As we mature, the dependency graph matures with us.
In the occasional fights between system and language packagers, I'm known to take the downstream camp. As a user, there are lots of things I take for granted. I install the stuff I need, occasionally upgrade the system, and everything gets updated. Vulnerability in a library used by multiple programs? Its patched version gets swapped in within a few hours (given it's not vendored or pinned). Most distributions even apply hardening flags that some bugs aren't even exploitable in the first place. They create a safe place for me to comfortably express myself at work and at home.

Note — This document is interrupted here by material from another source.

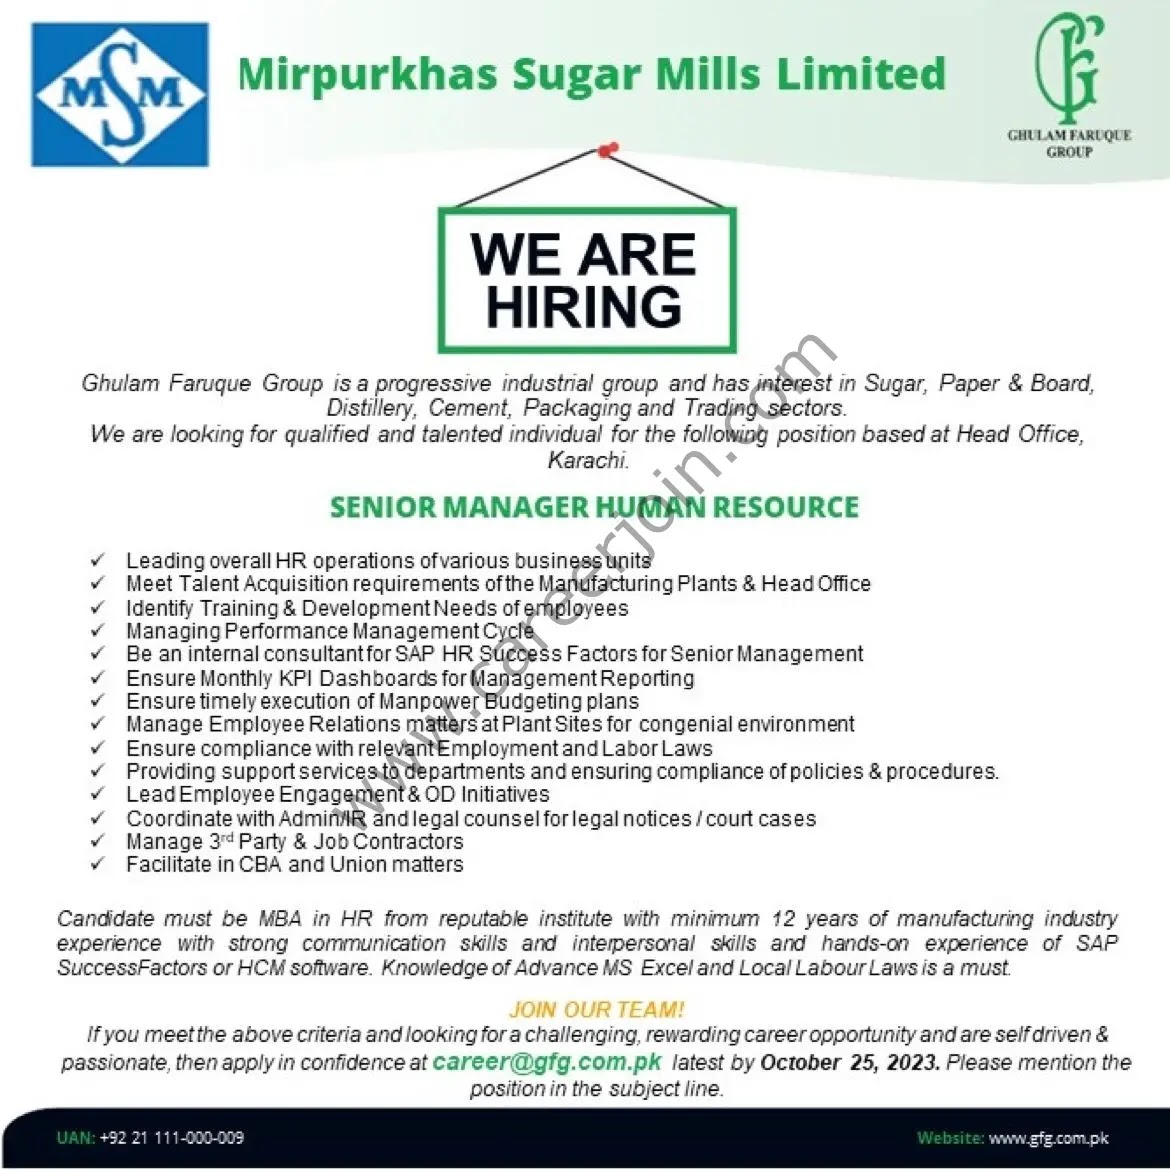 Jobs in Mirpurkhas Sugar Mills Limited

Recently on my work computer, I've switched to Guix System, which has yet many packages. Looking into the way to package programs I use and ongoing efforts, I realized the colossal number of transitive dependencies of certain software and the impracticality for a user union (i.e. a distro) to maintain such set of micro packages in every language.
This gave me a more serious thought on software sustainability. Such topic often reminds us of energy consumption, modularity, development model, or even style (clean code). End-users (including self-hosts), on the other hand, ask the following questions to decide upon installing and keeping a piece of software:
Can I trust installing this won't do anything funny to my machine?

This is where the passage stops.